O Brasil alcançará em 2023 novo recorde de produção de cereais, leguminosas e oleaginosas (grãos). Segundo a primeira estimativa do IBGE, a safra será de 288,1 milhões de toneladas, 25,3 milhões acima do também recorde de 2022. O País segue disputando a terceira colocação entre os maiores produtores de grãos com a Índia e deverá manter a segunda colocação entre os maiores exportadores, atrás dos Estados Unidos.
A safra de grãos, 91,6% de soja, milho e arroz, é a mais visível, mas está longe de espelhar a totalidade da agricultora brasileira. Somente de cana-de-açúcar, da qual o País é o maior produtor mundial, a Conab projeta a safra 2022/2023 em 572,9 milhões de toneladas.
No conceito mais amplo da pesquisa do Centro de Estudos Avançados em Economia Aplicada (Cepea), da Esalq/USP, em parceria com a Confederação da Nacional da Agricultura (CNA), que engloba agricultura, pecuária, agroindústria e outros negócios relacionados com o campo, o PIB do agronegócio brasileiro somou R$ 2,6 trilhões em 2021, quase 30% do PIB total calculado pelo IBGE (R$ 8,7 trilhões).

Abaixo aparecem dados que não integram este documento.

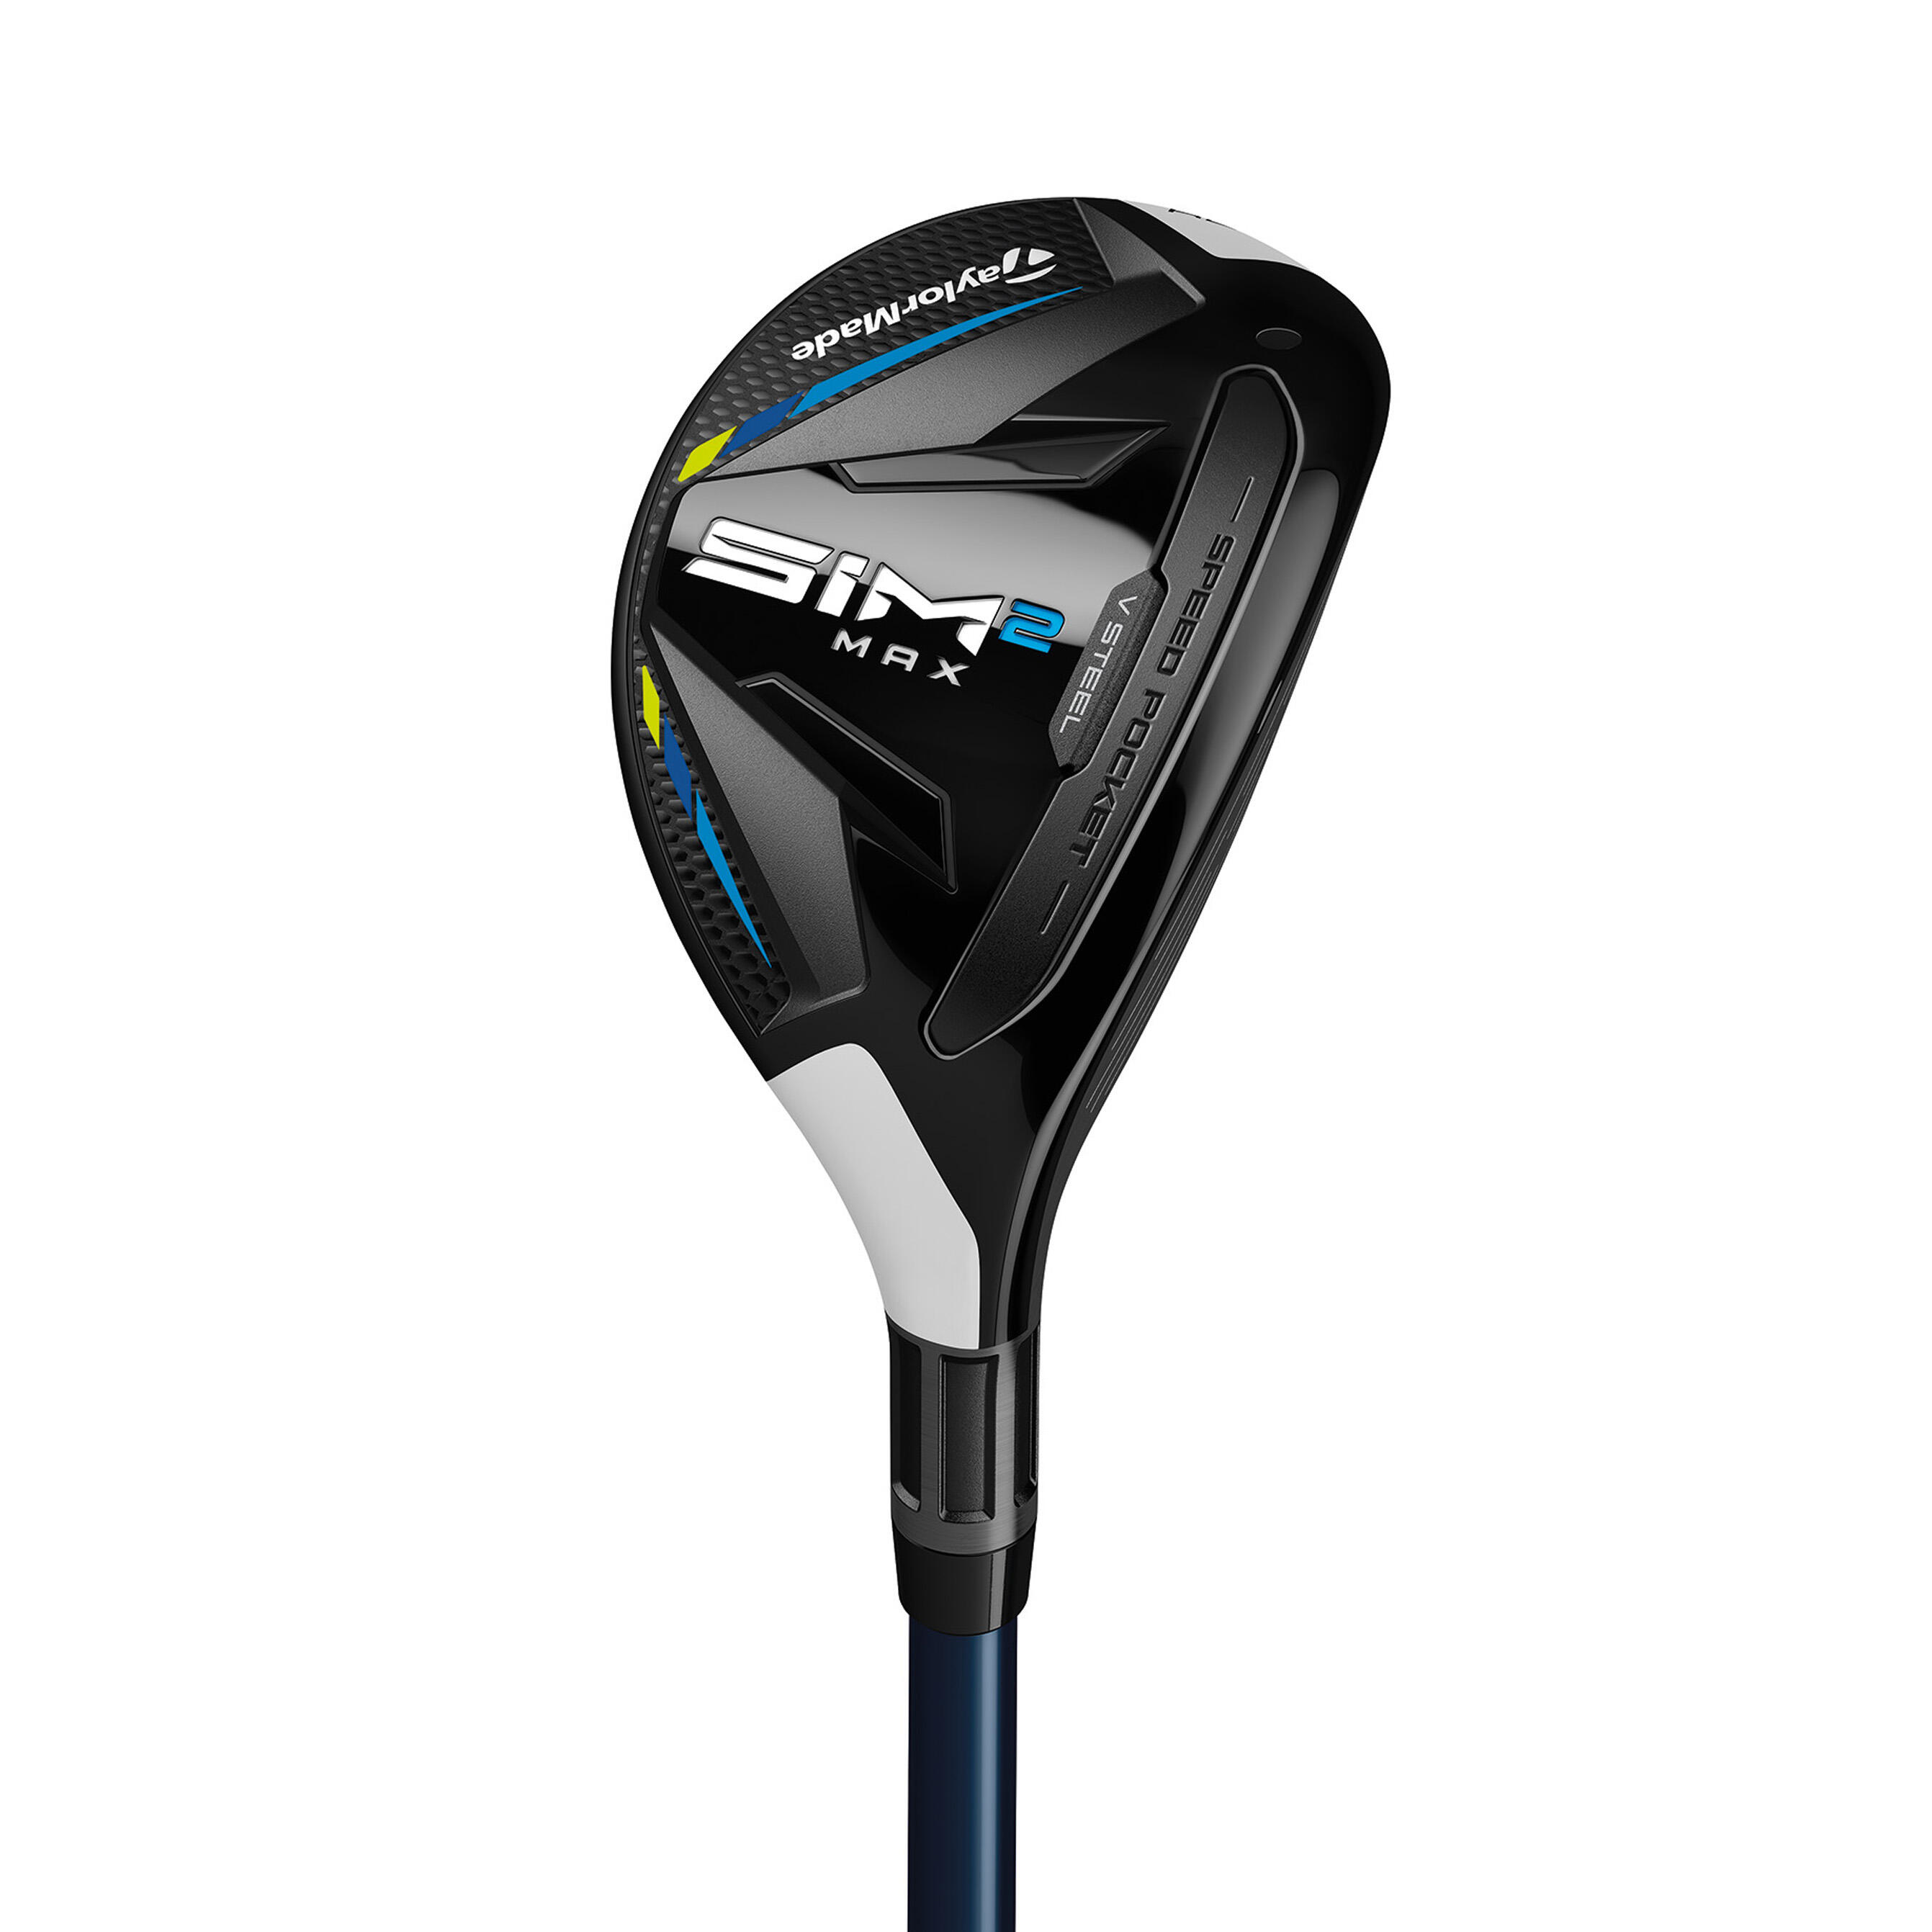 TAYLORMADE Hybride Golf Droitier Lady - Taylormade Sim2 Max

A expectativa da ONU é que o País siga aumentando essa produção para ter papel cada vez mais relevante na alimentação da população mundial, que acaba de chegar a 8 bilhões de pessoas e chegará perto de 10 bilhões em 2050.
TECNOLOGIA E INSUMOS
Mas é possível seguir crescendo sem desmatar, dentro de parâmetros de sustentabilidade que contribuam para reduzir as emissões de gases do efeito estufa, em alinhamento com as metas do Acordo de Paris, como reclamado na COP-27, que acaba de acontecer no Egito? Alguns especialistas de empresas e órgãos de pesquisas afirmam que sim e que a receita está no uso intensivo de tecnologias digitais e insumos biológicos.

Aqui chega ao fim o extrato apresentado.